# FREE plans/instructions for easy to make Magic Box!



## DangerMouse (Jul 17, 2008)

FREE plans/instructions for easy to make magic box! 
no, this is not my own invention, it's been around a LONG time....
but they're fun to make and fun to show to the little ones especially. (put a coin or favorite candy inside so they get a prize when they open it!)
i hope this puts a smile on someone's face, my boxes all have given me tons of fun!
needed: 
table saw 
1x4 pine 
screws 
glue 
use the table saw to make 6 exact 4" squares. 
then tilt blade to 45* as shown below and 45 all 4 sides exact as well....


----------



## DangerMouse (Jul 17, 2008)

*next...*

Then glue edges together with weighted clamps and wood glue for an hour. 
then predrill and sink long screws (2") into the edges to strengthen the glue joints. 
people will tug and twist a lot on these.


----------



## DangerMouse (Jul 17, 2008)

When finished, stain/varnish/paint/decorate to taste. 
if stained, be sure to seal it with clear coat before passing it around. 
your finished box should look similar to this. 
The other boxes shown ARE my originals and more can be seen here if anyone is interested.
http://www.youtube.com/user/MickeySoume

*enjoy*


----------



## gma2rjc (Nov 21, 2008)

I made 2 of these boxes. But I made all of the squares 3.5" instead of 4". They were pretty easy to do. 
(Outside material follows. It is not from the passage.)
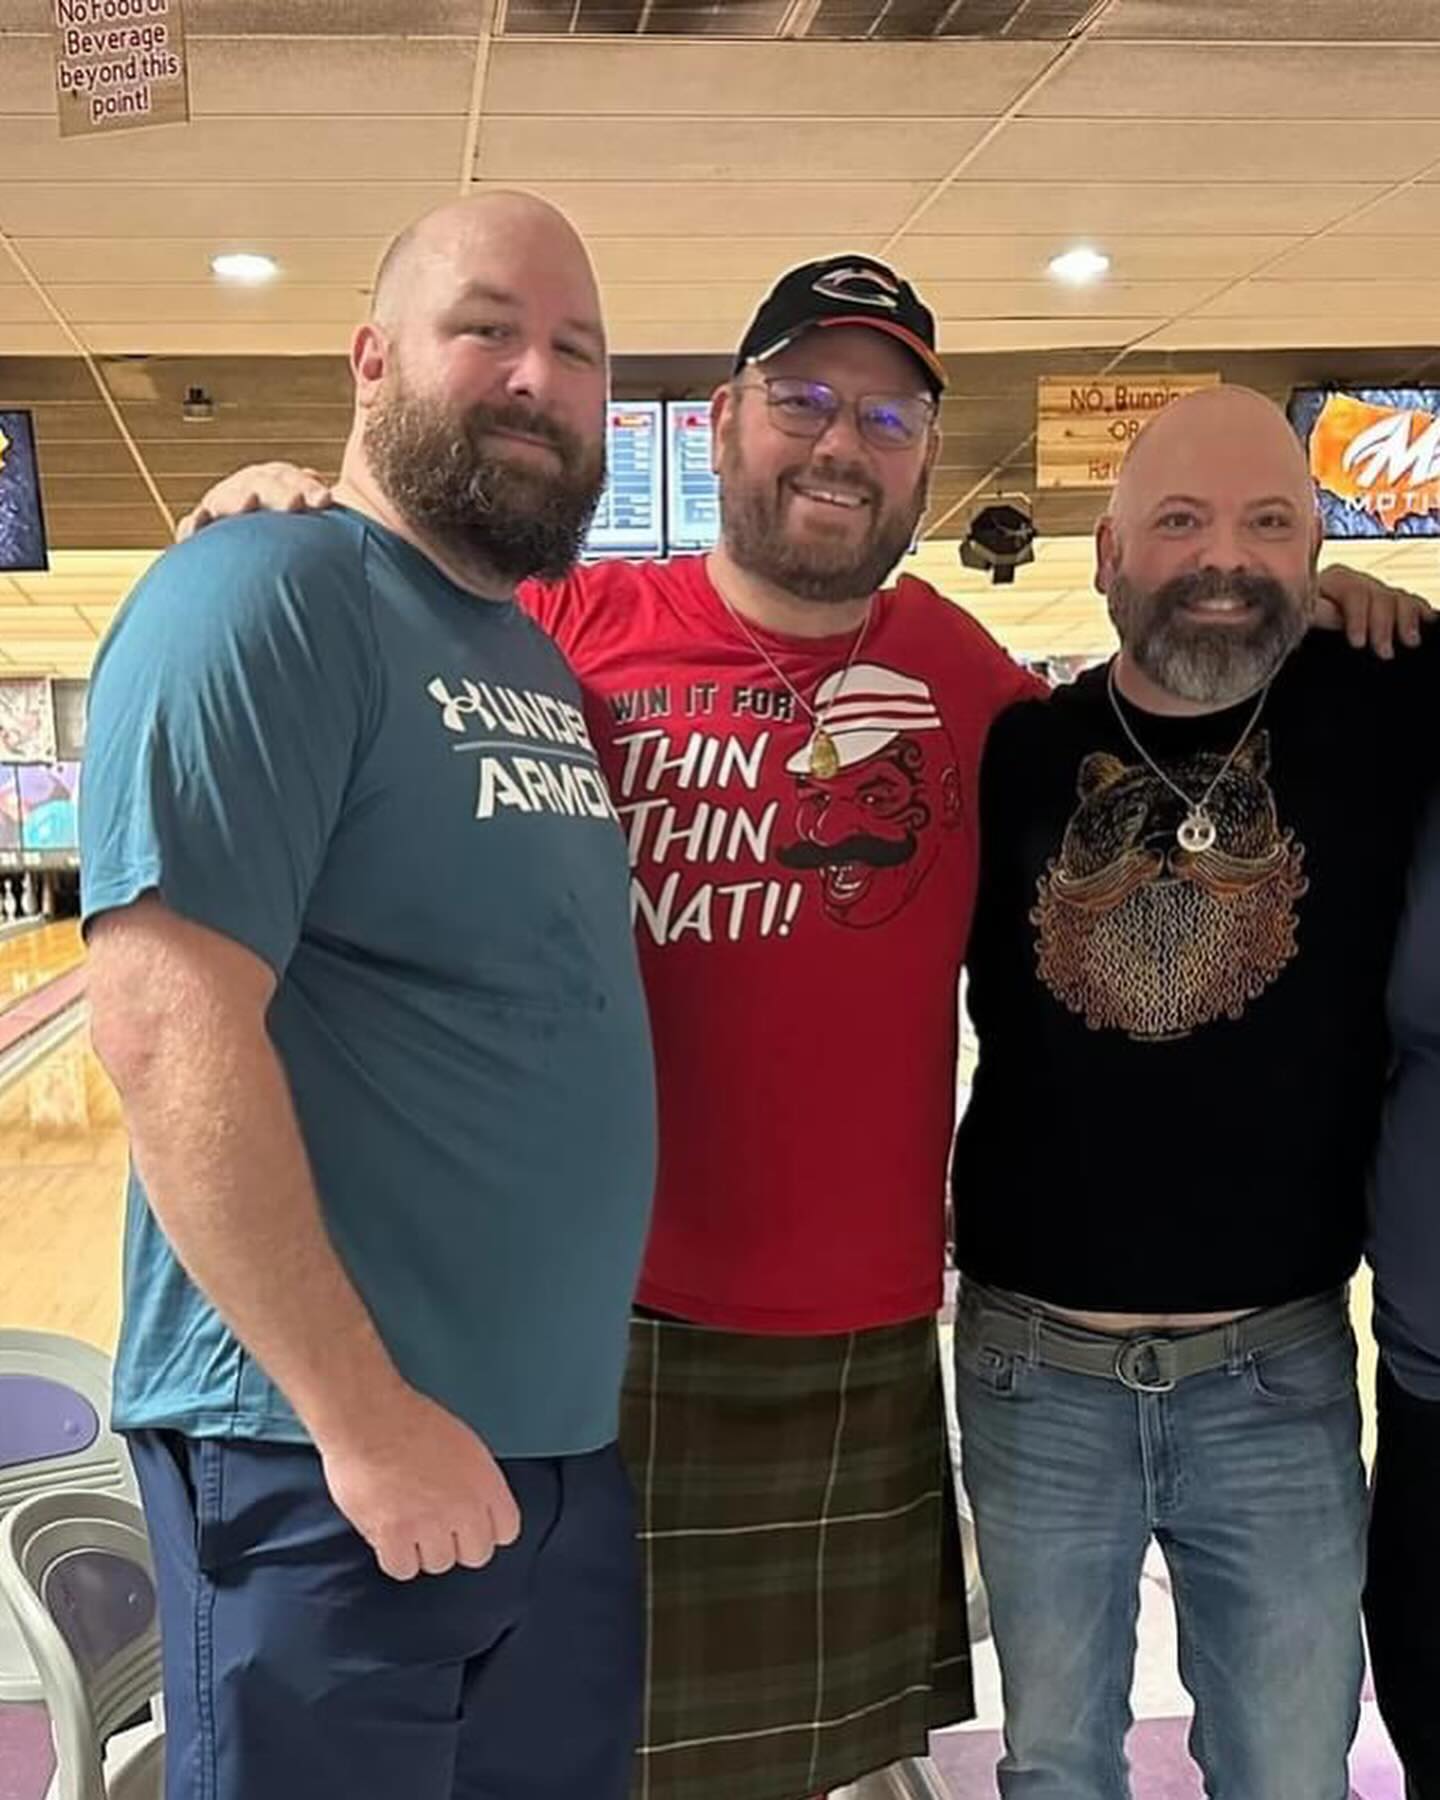 End of the 2023/2024 @igbobowling season. Had a great time seeing old friends and making new ones. Can’t wait for the few tournaments I have this summer. 
#bearlove #bearstagram #hairyscruffhomo #hairyscruff #stockybears #beardedhomo #hairybearlife #hairybeardedcub #gaybear #gaybearded #gaycub #beardedgay #instagay #gay #bearsofinstagram #cubsofinstagram #hairychest #gaysofinstagram #scruff #bear #hairy #fur

I put a knob on top of them and used the same style of knobs to give them feet. One just has stain on it and I painted the other one.

The kids (young and old) are having fun with them. :thumbup:


----------



## DangerMouse (Jul 17, 2008)

dang! i'm jealous! those look WAY better than MY piece of crap!

GREAT JOB! i love the addition of the feet too. now do some in hardwood..... lol

DM


----------



## gma2rjc (Nov 21, 2008)

Thanks. Those are from a 1x4" pine board I had. The miter cuts aren't quite perfect, so there are little gaps. 

I am going to make a couple more, but each square will be 2.5". That would make it even easier for the little guys to get their fingers around it. 

I'll also make sure to put the screw through the lid to hold the knob on before I assemble the box. 

These were fun to make. Thanks for posting the instructions!


----------